A songthaew (, , ; , ; ) is a passenger vehicle in Thailand and Laos adapted from a pick-up or a larger truck and used as a share taxi or bus.

Overview
The songthaew takes its name from the two bench seats fixed along either side of the back of the truck; in some vehicles a third bench is put down the middle of the seating area.  Additionally a roof is fitted over the rear of the vehicle, to which curtains and plastic sheeting to keep out rain may be attached. Some vehicles have roofs high enough to accommodate standing passengers within the vehicle. More typically, standing passengers occupy a platform attached to the rear.

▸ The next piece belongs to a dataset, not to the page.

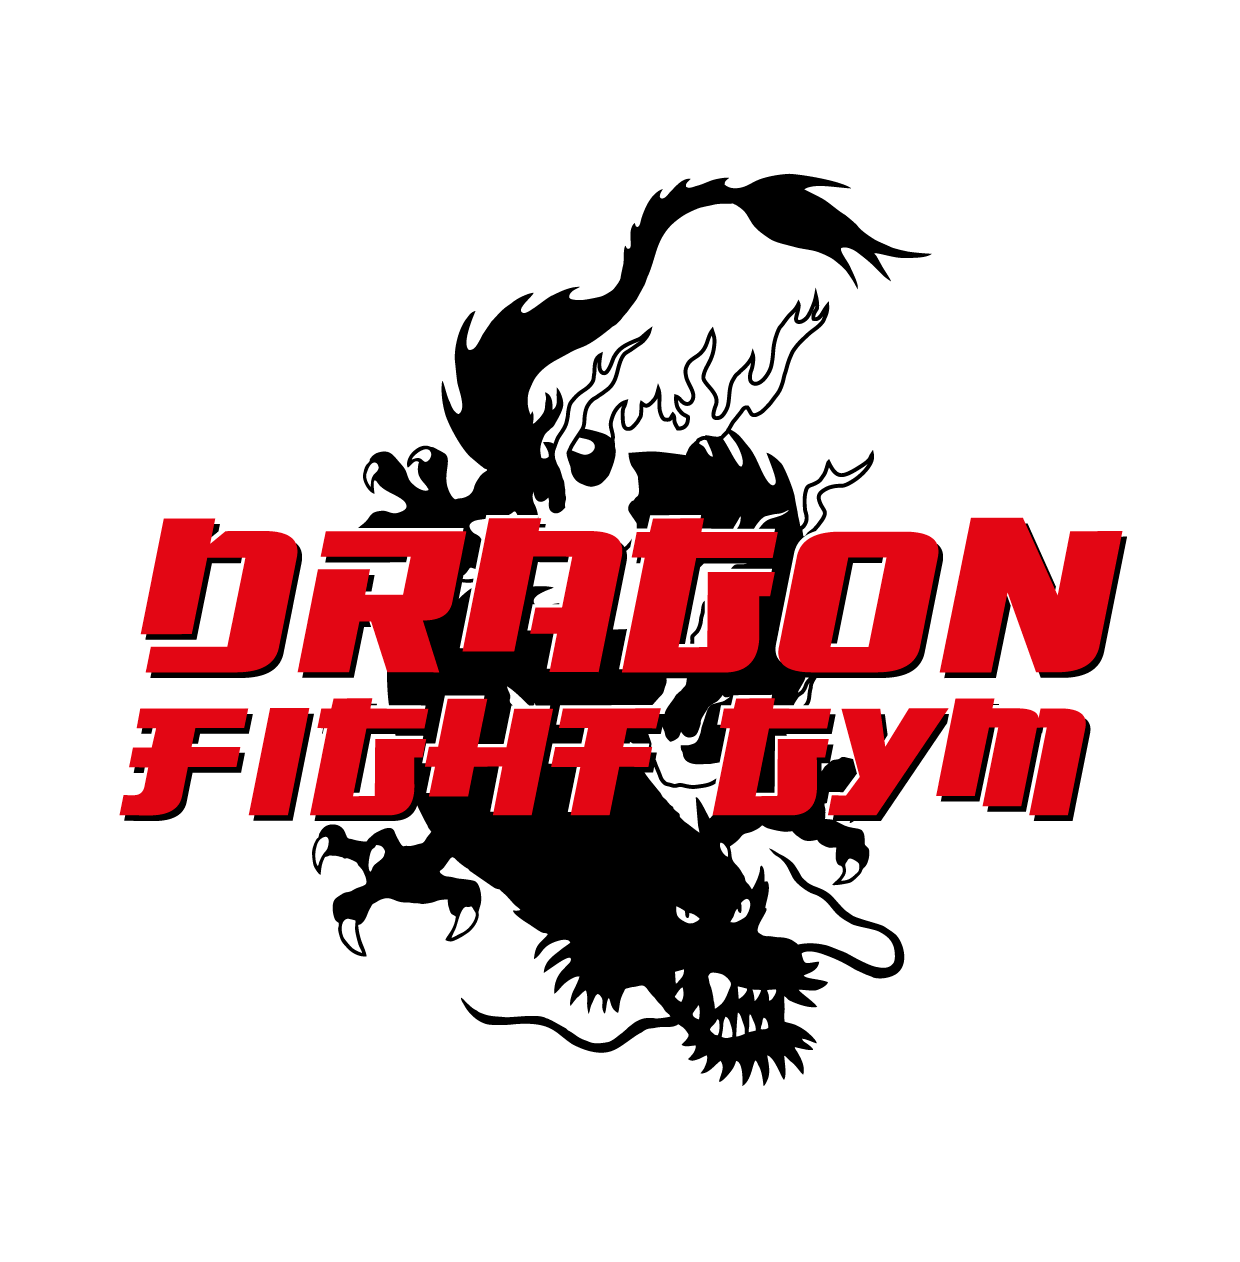 Dragon fight gym z.s.

In Chiang Mai and its surroundings, locals may call them rot si daeng (literally "car red" – a reference to their most common colour in the area, Thai รถสีแดง), rot daeng, or sometimes si rot.

The Isuzu Faster and Toyota Hilux are example models of songthaews found in Thailand.

History
Songthaew introduced in Thailand in 1950s. Early songthaews using Austin A30 sedans.

In 1960s, songthaews used various models like Leyland 15/20, Morris 250 JU, Morris J4 and Morris Minor.

Use
Songthaews are used both within towns and cities and for longer routes between towns and villages. Those within towns are converted from pick-up trucks and usually travel fixed routes for a set fare, but in some cases (as in Chiang Mai) they are used as shared taxis for passengers traveling in roughly the same direction.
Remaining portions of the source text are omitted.